Data entries
★ ★ ★
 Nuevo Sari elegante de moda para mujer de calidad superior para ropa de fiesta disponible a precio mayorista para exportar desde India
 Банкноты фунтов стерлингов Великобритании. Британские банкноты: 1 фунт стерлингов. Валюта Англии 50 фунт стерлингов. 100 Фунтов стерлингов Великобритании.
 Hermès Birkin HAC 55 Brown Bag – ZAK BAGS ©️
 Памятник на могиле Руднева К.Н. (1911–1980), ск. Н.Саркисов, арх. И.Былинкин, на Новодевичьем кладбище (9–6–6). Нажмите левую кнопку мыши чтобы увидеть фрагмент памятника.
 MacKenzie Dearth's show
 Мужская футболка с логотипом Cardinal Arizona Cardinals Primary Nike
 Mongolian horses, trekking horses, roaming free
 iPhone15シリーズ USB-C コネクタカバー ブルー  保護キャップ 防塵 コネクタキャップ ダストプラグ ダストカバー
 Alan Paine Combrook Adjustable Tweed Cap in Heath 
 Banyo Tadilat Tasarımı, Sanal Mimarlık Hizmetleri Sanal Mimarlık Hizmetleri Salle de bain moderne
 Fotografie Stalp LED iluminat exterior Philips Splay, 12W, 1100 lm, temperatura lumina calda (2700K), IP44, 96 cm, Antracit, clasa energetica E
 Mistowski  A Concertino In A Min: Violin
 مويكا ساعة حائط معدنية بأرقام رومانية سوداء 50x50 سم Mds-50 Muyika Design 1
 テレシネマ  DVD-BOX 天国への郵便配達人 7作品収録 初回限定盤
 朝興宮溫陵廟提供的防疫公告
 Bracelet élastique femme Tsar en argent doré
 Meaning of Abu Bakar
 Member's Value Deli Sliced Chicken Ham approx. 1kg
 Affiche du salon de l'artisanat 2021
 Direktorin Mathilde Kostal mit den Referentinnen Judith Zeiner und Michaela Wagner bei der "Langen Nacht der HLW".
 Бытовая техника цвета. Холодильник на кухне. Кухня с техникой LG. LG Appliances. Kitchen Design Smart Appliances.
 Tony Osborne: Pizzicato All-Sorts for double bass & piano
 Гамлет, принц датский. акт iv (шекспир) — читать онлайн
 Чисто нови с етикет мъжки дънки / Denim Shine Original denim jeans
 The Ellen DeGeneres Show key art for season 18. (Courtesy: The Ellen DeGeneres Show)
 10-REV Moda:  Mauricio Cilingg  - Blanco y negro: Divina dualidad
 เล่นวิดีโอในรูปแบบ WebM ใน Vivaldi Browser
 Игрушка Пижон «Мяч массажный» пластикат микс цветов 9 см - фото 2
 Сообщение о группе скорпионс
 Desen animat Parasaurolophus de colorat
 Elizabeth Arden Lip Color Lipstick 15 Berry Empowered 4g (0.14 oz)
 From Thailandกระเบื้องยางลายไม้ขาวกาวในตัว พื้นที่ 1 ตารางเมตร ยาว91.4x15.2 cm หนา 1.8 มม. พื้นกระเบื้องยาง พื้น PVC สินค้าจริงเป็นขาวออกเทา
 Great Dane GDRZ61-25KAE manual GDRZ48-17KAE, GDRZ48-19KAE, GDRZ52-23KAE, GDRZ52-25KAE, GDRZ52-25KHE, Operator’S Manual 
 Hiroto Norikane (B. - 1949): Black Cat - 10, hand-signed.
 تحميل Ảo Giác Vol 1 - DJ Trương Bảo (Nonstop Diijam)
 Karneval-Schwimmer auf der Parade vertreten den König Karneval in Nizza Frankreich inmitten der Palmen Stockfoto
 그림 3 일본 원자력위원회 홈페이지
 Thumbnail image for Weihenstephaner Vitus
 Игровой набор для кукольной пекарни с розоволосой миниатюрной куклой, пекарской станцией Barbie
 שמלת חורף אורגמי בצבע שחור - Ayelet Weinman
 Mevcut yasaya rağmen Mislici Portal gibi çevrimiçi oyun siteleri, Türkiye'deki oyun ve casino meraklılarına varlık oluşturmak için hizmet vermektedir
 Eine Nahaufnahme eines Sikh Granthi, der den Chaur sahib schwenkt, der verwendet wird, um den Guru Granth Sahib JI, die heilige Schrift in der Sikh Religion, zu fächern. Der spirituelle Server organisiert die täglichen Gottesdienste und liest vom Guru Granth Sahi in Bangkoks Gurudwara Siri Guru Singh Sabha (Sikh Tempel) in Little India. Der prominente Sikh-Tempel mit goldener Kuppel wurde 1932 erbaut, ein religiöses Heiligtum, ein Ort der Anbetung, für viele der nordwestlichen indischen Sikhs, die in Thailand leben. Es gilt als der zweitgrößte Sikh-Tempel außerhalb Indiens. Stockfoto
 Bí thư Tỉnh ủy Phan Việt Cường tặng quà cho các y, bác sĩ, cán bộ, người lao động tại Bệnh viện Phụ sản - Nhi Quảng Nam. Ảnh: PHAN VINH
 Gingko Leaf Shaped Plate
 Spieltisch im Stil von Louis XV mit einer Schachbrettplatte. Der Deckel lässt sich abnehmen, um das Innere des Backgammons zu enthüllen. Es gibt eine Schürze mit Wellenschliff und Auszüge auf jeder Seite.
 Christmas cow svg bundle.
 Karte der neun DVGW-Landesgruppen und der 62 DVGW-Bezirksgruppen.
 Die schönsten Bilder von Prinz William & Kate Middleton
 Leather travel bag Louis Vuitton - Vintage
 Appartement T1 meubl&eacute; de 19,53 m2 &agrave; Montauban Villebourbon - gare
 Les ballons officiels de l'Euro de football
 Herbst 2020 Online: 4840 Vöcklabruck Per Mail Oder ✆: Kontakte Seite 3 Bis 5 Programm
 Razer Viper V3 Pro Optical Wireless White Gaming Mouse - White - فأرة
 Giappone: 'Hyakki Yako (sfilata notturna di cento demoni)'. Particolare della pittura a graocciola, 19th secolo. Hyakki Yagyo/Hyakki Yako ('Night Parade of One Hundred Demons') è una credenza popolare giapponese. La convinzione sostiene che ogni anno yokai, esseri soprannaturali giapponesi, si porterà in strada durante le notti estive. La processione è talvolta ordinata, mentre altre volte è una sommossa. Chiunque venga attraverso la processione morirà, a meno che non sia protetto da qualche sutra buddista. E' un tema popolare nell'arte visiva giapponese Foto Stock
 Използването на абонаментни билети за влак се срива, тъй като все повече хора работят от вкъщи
★ ★ ★
_What you are asked to do_.
Set every line down again exactly. Begin with the first line of the entries and finish with the line containing "The Ellen DeGeneres Show key".

_Exercise answer_.
 Nuevo Sari elegante de moda para mujer de calidad superior para ropa de fiesta disponible a precio mayorista para exportar desde India
 Банкноты фунтов стерлингов Великобритании. Британские банкноты: 1 фунт стерлингов. Валюта Англии 50 фунт стерлингов. 100 Фунтов стерлингов Великобритании.
 Hermès Birkin HAC 55 Brown Bag – ZAK BAGS ©️
 Памятник на могиле Руднева К.Н. (1911–1980), ск. Н.Саркисов, арх. И.Былинкин, на Новодевичьем кладбище (9–6–6). Нажмите левую кнопку мыши чтобы увидеть фрагмент памятника.
 MacKenzie Dearth's show
 Мужская футболка с логотипом Cardinal Arizona Cardinals Primary Nike
 Mongolian horses, trekking horses, roaming free
 iPhone15シリーズ USB-C コネクタカバー ブルー  保護キャップ 防塵 コネクタキャップ ダストプラグ ダストカバー
 Alan Paine Combrook Adjustable Tweed Cap in Heath 
 Banyo Tadilat Tasarımı, Sanal Mimarlık Hizmetleri Sanal Mimarlık Hizmetleri Salle de bain moderne
 Fotografie Stalp LED iluminat exterior Philips Splay, 12W, 1100 lm, temperatura lumina calda (2700K), IP44, 96 cm, Antracit, clasa energetica E
 Mistowski  A Concertino In A Min: Violin
 مويكا ساعة حائط معدنية بأرقام رومانية سوداء 50x50 سم Mds-50 Muyika Design 1
 テレシネマ  DVD-BOX 天国への郵便配達人 7作品収録 初回限定盤
 朝興宮溫陵廟提供的防疫公告
 Bracelet élastique femme Tsar en argent doré
 Meaning of Abu Bakar
 Member's Value Deli Sliced Chicken Ham approx. 1kg
 Affiche du salon de l'artisanat 2021
 Direktorin Mathilde Kostal mit den Referentinnen Judith Zeiner und Michaela Wagner bei der "Langen Nacht der HLW".
 Бытовая техника цвета. Холодильник на кухне. Кухня с техникой LG. LG Appliances. Kitchen Design Smart Appliances.
 Tony Osborne: Pizzicato All-Sorts for double bass & piano
 Гамлет, принц датский. акт iv (шекспир) — читать онлайн
 Чисто нови с етикет мъжки дънки / Denim Shine Original denim jeans
 The Ellen DeGeneres Show key art for season 18. (Courtesy: The Ellen DeGeneres Show)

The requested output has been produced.